Désormais le budget est, selon les mots d’Ardita, "sur le fil de l’indispensable". C’est pour cela que le Dap a dessiné une carte épidémiologique des prisons italiennes : pour connaître l’incidence et le degré des maladies des détenus et, surtout, pour partager d’une façon adéquate les déjà maigres ressources.

Le diagnostic est escompté : ceux qui sont en cellule vont plus mal. 13% des détenus (c’est-à-dire à-peu-près 7.800) est dans un état de santé compromis, contre 7% de la population libre. La toxicomanie est le problème le plus répandu (elle concerne 21,54% des détenus, contre 2,10% chez les citoyens libres). Environ 20% (c’est-à-dire un détenu sur cinq) souffre de malaises psychiques : 10,25% de dépression, 6,04% d’autres pathologies mentales, 3% de maladies neurologiques et 0,8% de détérioration psychologique.

Les maladies hépatobiliaires et du pancréas affectent 10,9% des détenus (contre 4,2% des citoyens libres), celles de l’appareil digestif 9,1% (contre 10,1% de la population). Plus de 20% des 2.804 détenues souffre de pathologies féminines typiques (tumeurs de l’utérus, des ovaires, du sein).

Le phénomène des suicides en prison est stable dans le temps, bien qu’il demeure dramatique : en 2005, 57 détenus se sont suicidés, en 2004, 52, en 2003, 57, en 2002, 51 et, en 2001, 69.

"La santé des détenus - termine Ardita - n’est pas seulement un problème "politique", ni une simple question technique ou médico-légale. Elle est beaucoup plus. C’est le lieu privilégié pour évaluer les politiques sociales d’un Etat. C’est une question de politique criminelle.
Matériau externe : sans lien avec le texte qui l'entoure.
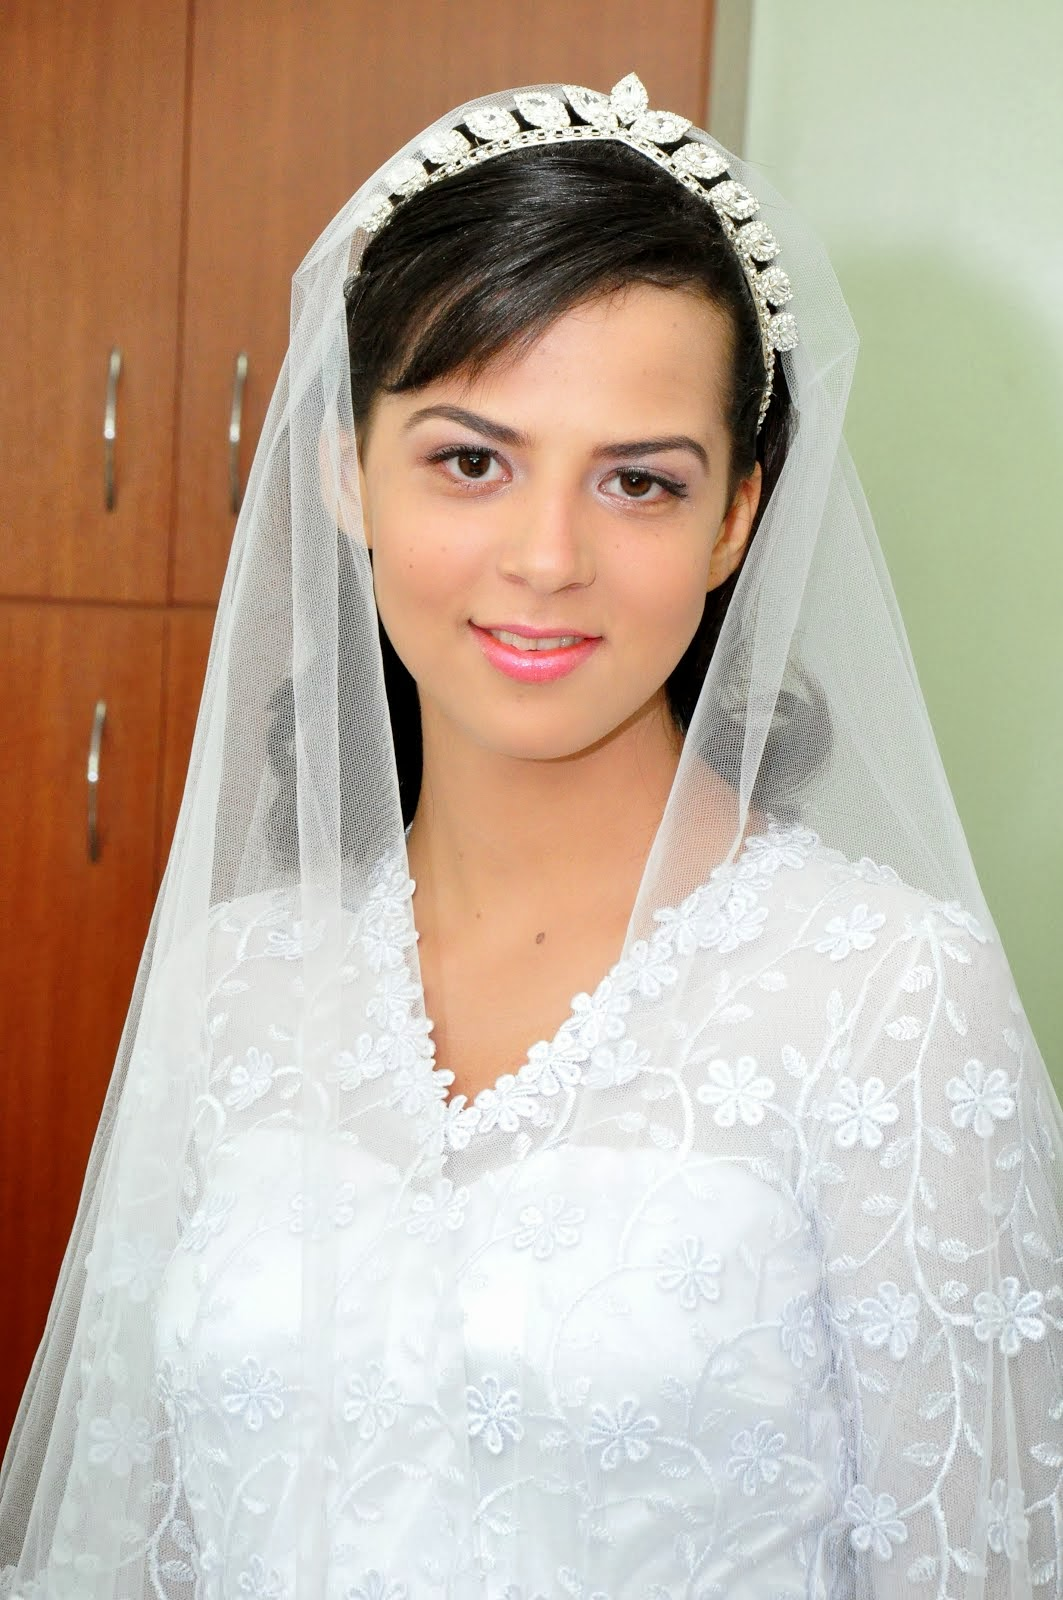 Enlace Matrimonial em Bonito/MS

C’est le banc d’essai de la peine, constitutionnellement entendue.

Le ministre de la Justice, Roberto Castelli, a lui aussi envoyé un message aux participants, en soutenant que "ce gouvernement a toujours eu à cœur la santé en prison" et que l’assistance sanitaire "a toujours été assurée", en consacrant une attention particulière "aux sujets les plus nécessiteux". Il y a toutefois une donnée qui - souligne le Garde des Sceaux - "pèse dans la balance de la santé en prison, à savoir les 16.000 détenus toxicomanes sur le total de la population carcérale".

Mais Patrizio Gonnella, Président national de Antigone, l’association qui se bat pour le respect des droits dans les prisons, attaque le Garde des Sceaux. "A un mois des élections, après que l’amnistie a été rejetée grâce aussi au ministre Castelli, après que la loi ex-Cirielli a été approuvée, une loi qui fera augmenter de quelques dizaines de milliers les détenus dans les prisons italiennes, après que la loi sur les drogues à été modifiée, en l’empirant, en faisant l’amalgame entre les consommateurs de drogues légères et les dealers de drogues lourdes - souligne Gonella - ils viennent nous dire que la situation est dramatique".